I have to say, despite just using the pulse mode and instant seal buttons, I was really impressed with the results! You can tell from the feel of the machine that it is well built. It also has a huge host of features and useful design. It managed to get almost all the air out, I was quite hesitant since there was quite a bit of marinade in the bag. However it sealed with absolutely no problem at all! I did a second seal, just in case!

It's really easy to use, comes with 2 instruction/guide booklets, has a vacuum canister, and a selection of bags and a long roll.

I would really recommend it to sous-vide newbies! Even though I have only been doing sous vide for less than 2 months, I was really really tempted to get a vacuum chamber machine, but now I really don't think I would need one at all!

Before this, I was submerging my ziploc bags in water and trying to squeeze out the air. The Foodsaver DEFINITELY beats this method!!!

Well, I could say "I told you so". :raz:

There is a common misconception that "Foodsaver" specifies a specific product.

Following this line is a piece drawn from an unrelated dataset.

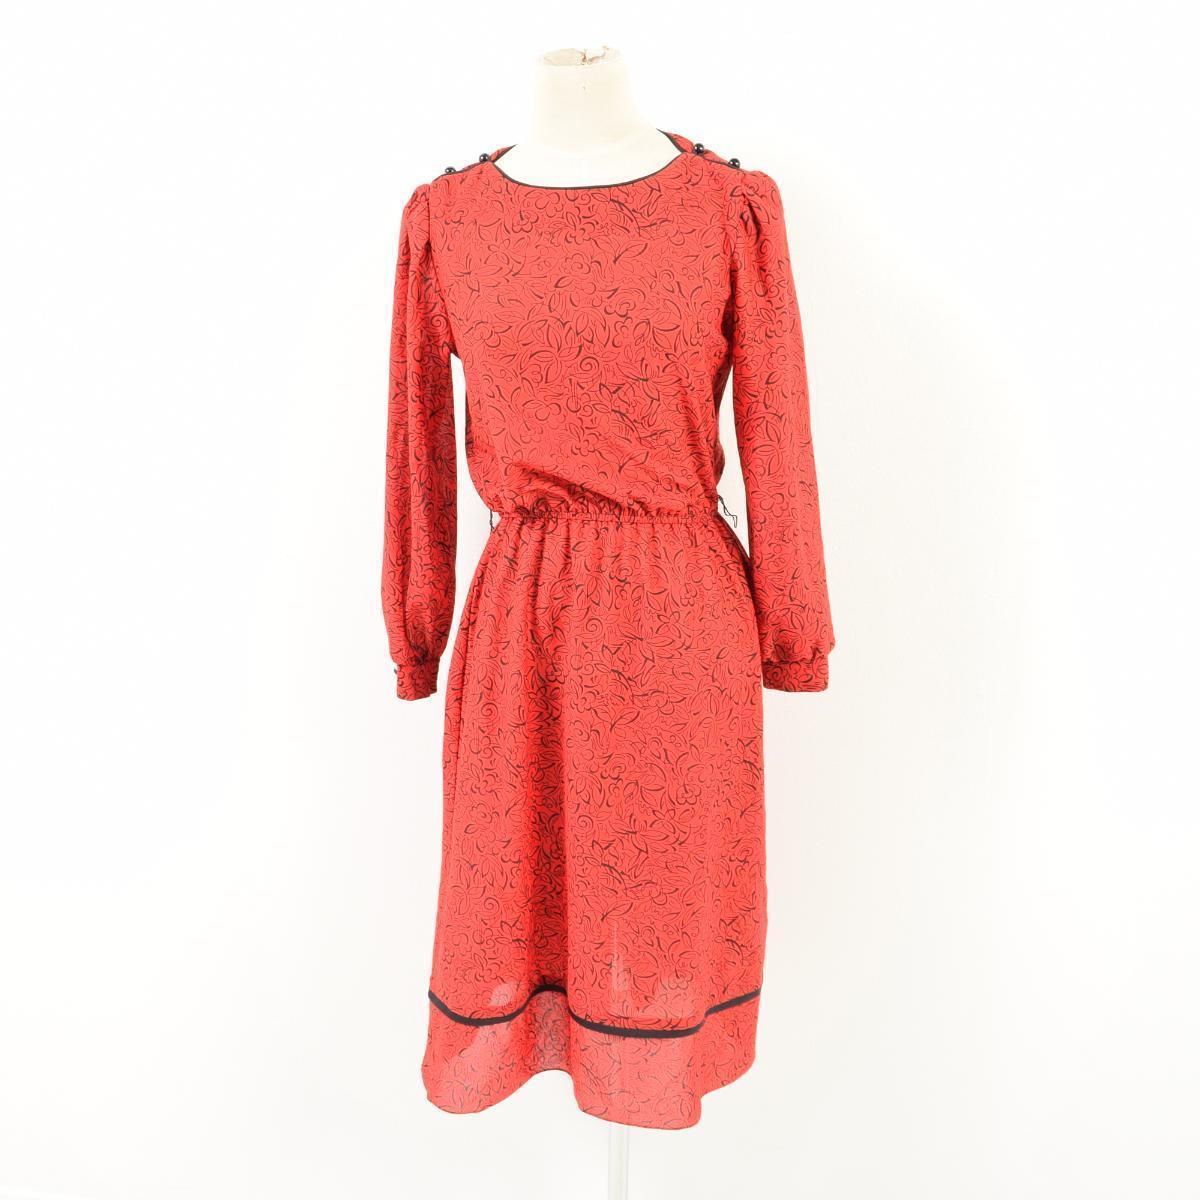 古着屋JAMがドラマ『その女、ジルバ』に衣装提供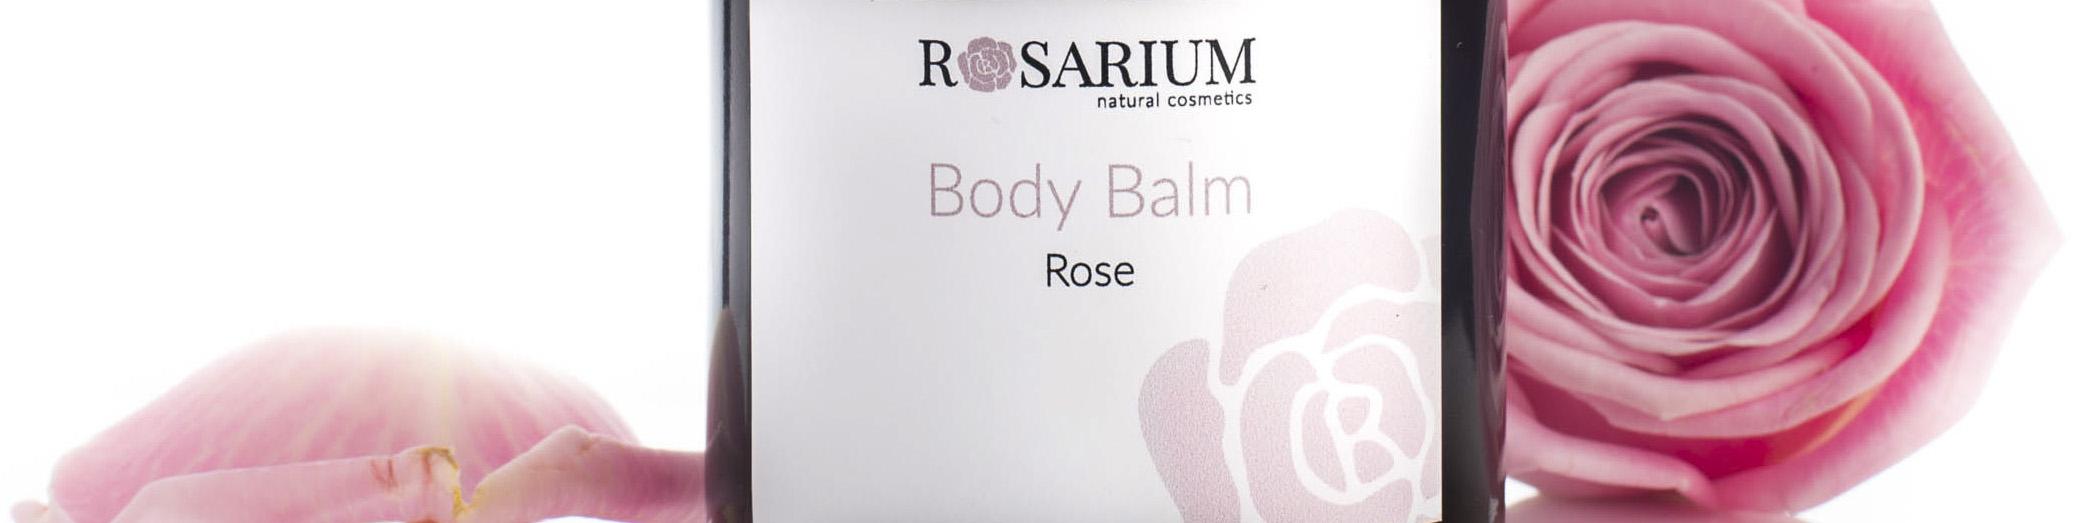 ROSARIUM cosmetics

Its a RANGE of products. Or rather multiple ranges of products.

This one was the top end of the obsolescent 2000 series.

It makes a decently wide seal, and has 'damp sealing', seal now, pump while pressing ("pulse"), and variable pump speed. All worthwhile features for sv.

A full-auto machine is practically useless for sv. This has great manual control.

At clearance prices its a bargain.

Used with just a little care, its great as a domestic machine.

Only slight snag is the size of the 'neck' on the bag, a couple of inches, due to the geometry of the sealer.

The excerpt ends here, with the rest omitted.